When kids, teenagers or young adults think about osteoporosis, they probably imagine an illness that affects people later in life, perhaps middle age and beyond. While it’s true osteoporosis typically doesn’t show up in terms of symptoms until later in life, the seeds of the disease are planted early in life.
“In areas like Wisconsin where Marshfield Clinic Health System is based, we have naturally low Vitamin D levels. If you’re Vitamin D deficient, that can be a cause of losing bone mass and eventually osteoporosis,” Mayeux said. “That’s just one example, but the point is young people should be aware that they need to work to maintain healthy bones early in life and throughout life.”
Get enough calcium and keep moving
Mayeux added that parents should make sure their kids are getting enough calcium in their diets. She added that if you are avoiding dairy products, other good sources of calcium include almond milk, almonds, and many kinds of fruits and vegetables.
Mayeux said that an active lifestyle also is important to maintaining strong bones.
“A sedentary lifestyle is not good for bone health,” she said. “Running, jumping, playing sports, any kind of weight-bearing exercise will help keep bones strong. Find a physical activity you like, it doesn’t matter what, as long as it’s weight-bearing.”
Drop the energy drinks
Mayeux also warns against over-indulging in energy drinks, which have become increasingly popular, especially for teens and young adults.
“That is substituting good, healthy, calcium-rich food for an energy drink that really has no health benefit,” Mayeux said. “Those drinks may not directly harm bone health, but if you’re drinking a lot of them in place of other, healthier options, you may be planting the seeds for bad bone health. Energy drinks instead of healthier options may be contributing to obesity and diabetes, both of which can increase osteoporosis risk.”
Fill up the piggy bank
The body builds up storage of calcium until about age 30, and then as you age past that point, your calcium level starts to drop.
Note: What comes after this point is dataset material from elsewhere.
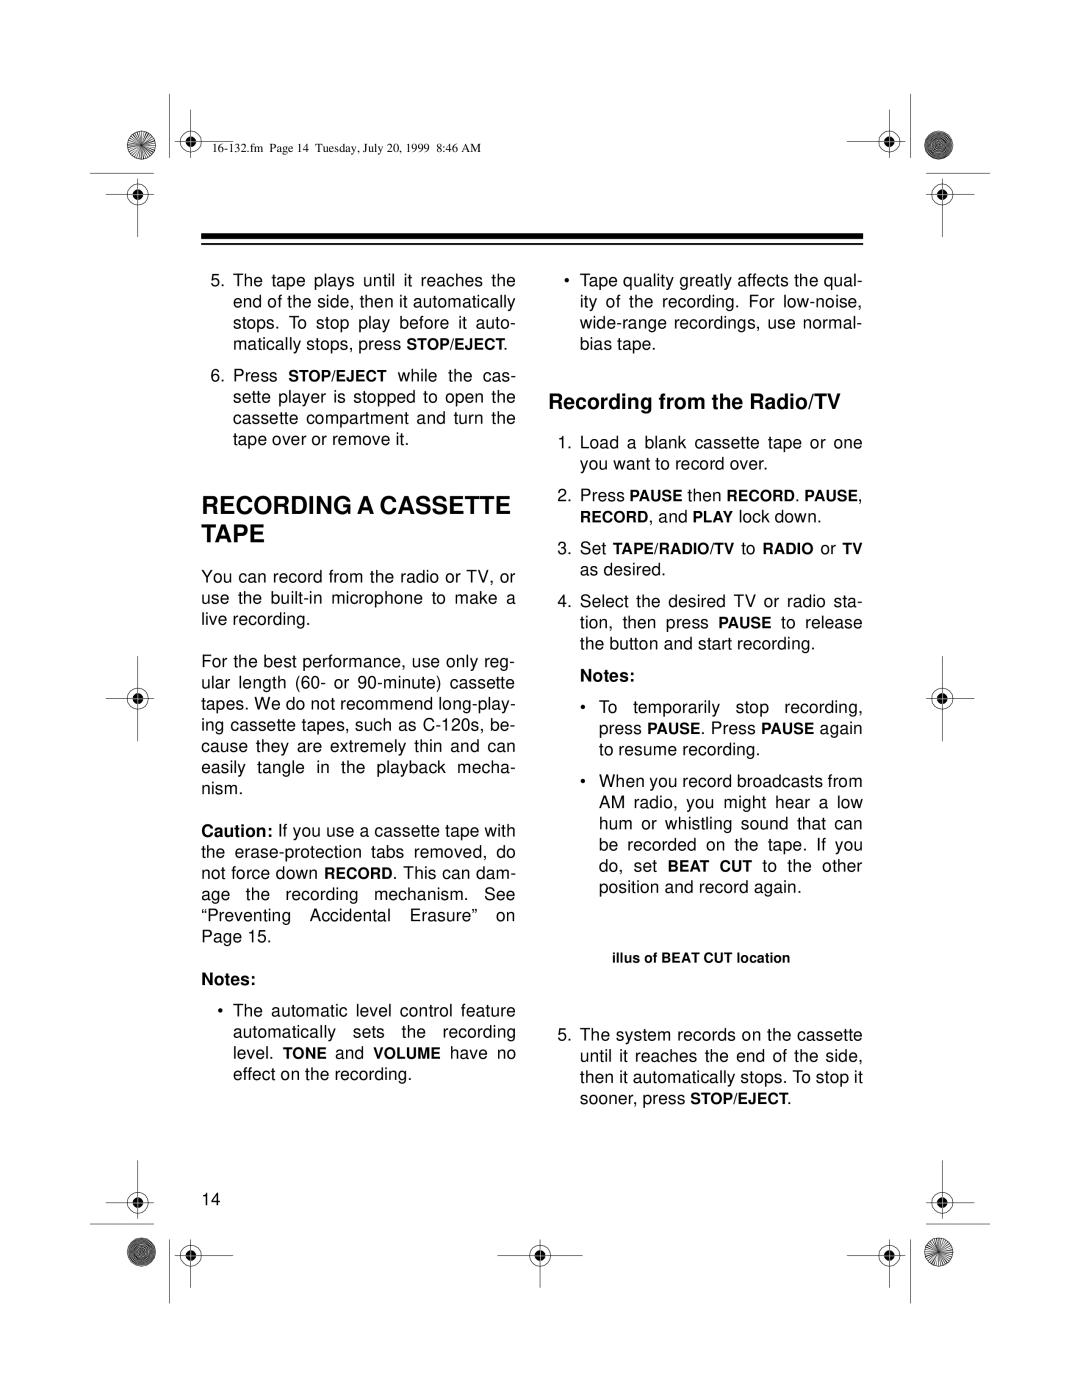 Optimus 16-132 owner manual Recording A Cassette Tape, Recording from the Radio/TV

You’re kind of filling up the calcium piggy bank when you’re young, and then as you age and your calcium drops, you hope you have enough in that piggy bank to keep your bones healthy,” Mayeux said. “That’s why young people need to be so aware of their diet.”
Mayeux said if you have a family history of osteoporosis, you may be more likely to develop the disease. She added that Asian women in particular are at higher risk of developing osteoporosis as are women who are of smaller stature with thin bones. Women in general are more likely to develop osteoporosis than men.
If you have questions about your bone health, talk with your provider.